The geographical variation is quite pronounced, a distinction is 15 subspecies. When the taps especially the color of the top, which is, in some subspecies overall very white rather gray in the nominate race, which is also the largest varied. In addition, differences show up in length and drawing of the tail. The hens vary considerably in coloration. In some subspecies they are almost monochrome, drawn quite contrasting in others.

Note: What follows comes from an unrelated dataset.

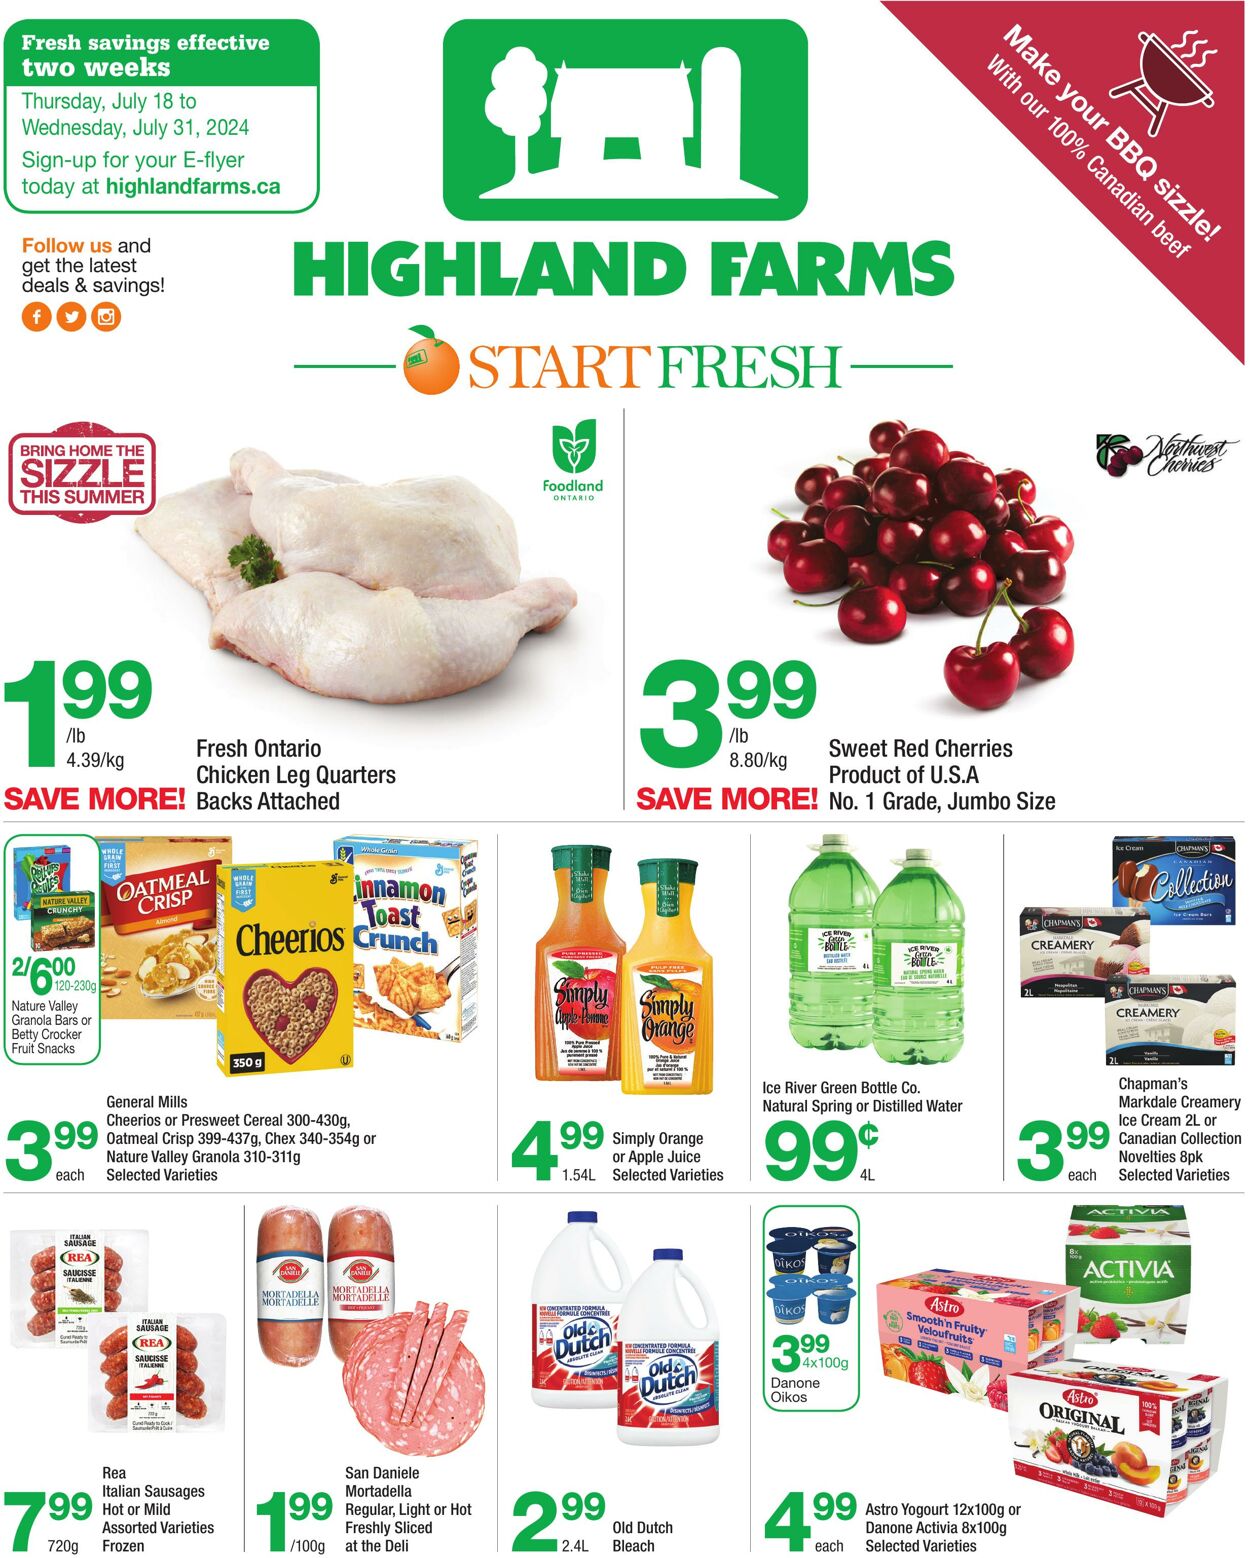 Highland Farms Promotional flyers

  • L. l oatesi ( Ogilvie Grant, 1898) - Rakhine State in Myanmar
  • L. L. lineata ( Vigors, 1831) - Southern Myanmar Irrawaddy from south to western Thailand
  • L. l crawfurdi (JE Gray, 1829) - Bago and the northern Tanintharyi Division eastward to northwestern Thailand
  • L. occidentalis n Delacour, 1948 - Northwest of Yunnan and northeastern Myanmar
  • N L. rufipes ( Oates, 1898) - north of Shan State in Myanmar Irrawaddy and Salween between
  • L. n ripponi ( Sharpe, 1902) - south of the Shan State between the Irrawaddy and Salween
  • L. n jonesi Oates, 1903 - southwestern Yunnan, northern and mid- southern Thailand and the Shan State in Myanmar between Salween and Mekong
  • L. n omeiensis Cheng, Chang & Tang, 1964 - Sichuan
  • L. Tan Yao n rongjiangensis Kuang Wu Zhu & Khang, 1982 - Southeastern Guizhou
  • L. n beaulieui Delacour, 1948 - Southeastern Yunnan, northern Laos and northern Vietnam
  • L. n nycthemera (Linnaeus, 1758) - Guangdong and Guangxi, and northern Vietnam
  • L. n whiteheadi ( Ogilvie - Grant, 1899) - Hainan
  • L. n fokiensis Delacour, 1948 - Northwestern Fujian and Zhejiang perhaps
  • L. n berliozi ( Delacour & Jabouille, 1928) - western spur of the Truong Son in Vietnam
  • L. n beli ( oustalet, 1898) - eastern foothills of the Truong Son in Vietnam
  • L. n engelbachi Delacour, 1948 - Bolaven Plateau, Southern Laos
  • L. n lewisi ( Delacour & Jabouille, 1928) - southwestern Cambodia and south-eastern Thailand
  • L. n annamensis ( Ogilvie - Grant, 1906) - Southern Vietnam

Habitat

The silver pheasant settled in China mountain forests, bamboo groves, dense bushland and Farndickichte at altitudes 1500-1800 m. In Vietnam, it is found in tropical rain forests above 900 m as well as in evergreen broad-leaved and pine forests above 1200 m.

System

The systematics of this kind has long been controversial. The area of ​​distribution of the silver pheasant on the east by that of Kalifasans and there are mixed populations, have made as new species in the 19th century to much confusion their descriptions. Both species have been described in a total of 49 taxa and 28 species. Jean Théodore Delacour put them in a revision in 1949 in a super species with two species and 12 subspecies and 15 leucomelanos nycthemera subtypes. On the assignment of three subspecies came in the 1990s to doubt. The subspecies of gray to dark gray Kalifasans have legs and feet and are different from those of the silver pheasant, which have red legs and feet. An exception was previously the three eastern subspecies of L. l Kalifasans oatesi, lineata and crawfurdi, the east of the Irrawaddys occur and in this as in other features already reconciled to the silver pheasant. The feathers of the upper surface are more or less dashed fine white to repeatedly draw a V-shape, the middle tail-feathers pale to white. The feet have a partly reddish to red color as the silver pheasant. A study of mitochondrial DNA showed in 2003 that they the silver pheasant are in fact closer than the Kalifasan and have to be incorporated in the former type. Another result was that probably not all of the subspecies of the Silver Pheasant deserve such a status, as they are rather parts of klinal varying populations that are not genetically different.